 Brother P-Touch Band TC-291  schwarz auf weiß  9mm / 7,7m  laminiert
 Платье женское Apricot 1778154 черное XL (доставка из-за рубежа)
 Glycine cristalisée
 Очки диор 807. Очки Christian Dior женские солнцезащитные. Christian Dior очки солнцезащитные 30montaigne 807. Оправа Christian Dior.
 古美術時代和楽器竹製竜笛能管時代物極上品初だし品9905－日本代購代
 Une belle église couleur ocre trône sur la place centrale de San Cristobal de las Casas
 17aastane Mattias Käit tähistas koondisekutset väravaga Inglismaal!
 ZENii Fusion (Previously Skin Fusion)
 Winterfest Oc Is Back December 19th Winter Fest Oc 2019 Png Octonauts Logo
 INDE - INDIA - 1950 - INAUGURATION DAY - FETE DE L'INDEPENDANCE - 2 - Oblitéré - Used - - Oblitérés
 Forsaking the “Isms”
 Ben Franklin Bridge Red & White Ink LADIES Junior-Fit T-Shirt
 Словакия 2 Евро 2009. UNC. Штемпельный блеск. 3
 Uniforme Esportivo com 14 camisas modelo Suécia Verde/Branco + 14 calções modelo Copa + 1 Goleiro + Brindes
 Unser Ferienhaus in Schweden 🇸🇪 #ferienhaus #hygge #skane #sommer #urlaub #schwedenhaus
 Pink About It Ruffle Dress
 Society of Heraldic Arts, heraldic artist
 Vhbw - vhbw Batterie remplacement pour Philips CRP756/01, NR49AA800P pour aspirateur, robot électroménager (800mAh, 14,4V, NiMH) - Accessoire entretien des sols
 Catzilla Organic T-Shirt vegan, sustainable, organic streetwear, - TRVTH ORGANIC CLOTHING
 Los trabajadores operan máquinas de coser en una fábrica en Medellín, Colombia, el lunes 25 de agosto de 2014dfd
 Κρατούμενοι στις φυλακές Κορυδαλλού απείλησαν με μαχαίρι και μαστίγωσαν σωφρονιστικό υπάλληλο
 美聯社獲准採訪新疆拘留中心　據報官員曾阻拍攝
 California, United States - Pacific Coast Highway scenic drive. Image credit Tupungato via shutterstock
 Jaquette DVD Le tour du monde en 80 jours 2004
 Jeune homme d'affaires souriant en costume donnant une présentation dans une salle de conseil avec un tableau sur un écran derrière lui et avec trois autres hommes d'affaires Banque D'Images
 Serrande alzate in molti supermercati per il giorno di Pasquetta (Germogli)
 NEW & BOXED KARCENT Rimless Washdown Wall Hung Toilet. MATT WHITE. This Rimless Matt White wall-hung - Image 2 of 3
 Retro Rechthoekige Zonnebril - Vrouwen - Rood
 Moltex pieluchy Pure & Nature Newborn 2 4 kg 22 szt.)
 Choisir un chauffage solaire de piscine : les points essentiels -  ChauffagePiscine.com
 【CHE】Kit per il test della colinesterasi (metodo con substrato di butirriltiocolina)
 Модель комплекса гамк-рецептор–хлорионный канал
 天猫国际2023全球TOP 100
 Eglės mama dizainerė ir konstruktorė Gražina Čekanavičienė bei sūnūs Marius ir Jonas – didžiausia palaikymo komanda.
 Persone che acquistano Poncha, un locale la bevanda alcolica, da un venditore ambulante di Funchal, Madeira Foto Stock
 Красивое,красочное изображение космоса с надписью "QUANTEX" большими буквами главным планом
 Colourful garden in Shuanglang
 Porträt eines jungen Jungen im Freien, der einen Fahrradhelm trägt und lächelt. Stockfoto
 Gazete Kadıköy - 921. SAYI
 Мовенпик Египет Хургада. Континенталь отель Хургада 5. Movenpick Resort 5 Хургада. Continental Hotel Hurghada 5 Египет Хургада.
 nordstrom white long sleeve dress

= = = =

* _Task to complete_: Starting with the line that holds "Serrande alzate in", copy every line through the end of the data above. Reproduce them exactly, with no other material.

* _Response_:
 Serrande alzate in molti supermercati per il giorno di Pasquetta (Germogli)
 NEW & BOXED KARCENT Rimless Washdown Wall Hung Toilet. MATT WHITE. This Rimless Matt White wall-hung - Image 2 of 3
 Retro Rechthoekige Zonnebril - Vrouwen - Rood
 Moltex pieluchy Pure & Nature Newborn 2 4 kg 22 szt.)
 Choisir un chauffage solaire de piscine : les points essentiels -  ChauffagePiscine.com
 【CHE】Kit per il test della colinesterasi (metodo con substrato di butirriltiocolina)
 Модель комплекса гамк-рецептор–хлорионный канал
 天猫国际2023全球TOP 100
 Eglės mama dizainerė ir konstruktorė Gražina Čekanavičienė bei sūnūs Marius ir Jonas – didžiausia palaikymo komanda.
 Persone che acquistano Poncha, un locale la bevanda alcolica, da un venditore ambulante di Funchal, Madeira Foto Stock
 Красивое,красочное изображение космоса с надписью "QUANTEX" большими буквами главным планом
 Colourful garden in Shuanglang
 Porträt eines jungen Jungen im Freien, der einen Fahrradhelm trägt und lächelt. Stockfoto
 Gazete Kadıköy - 921. SAYI
 Мовенпик Египет Хургада. Континенталь отель Хургада 5. Movenpick Resort 5 Хургада. Continental Hotel Hurghada 5 Египет Хургада.
 nordstrom white long sleeve dress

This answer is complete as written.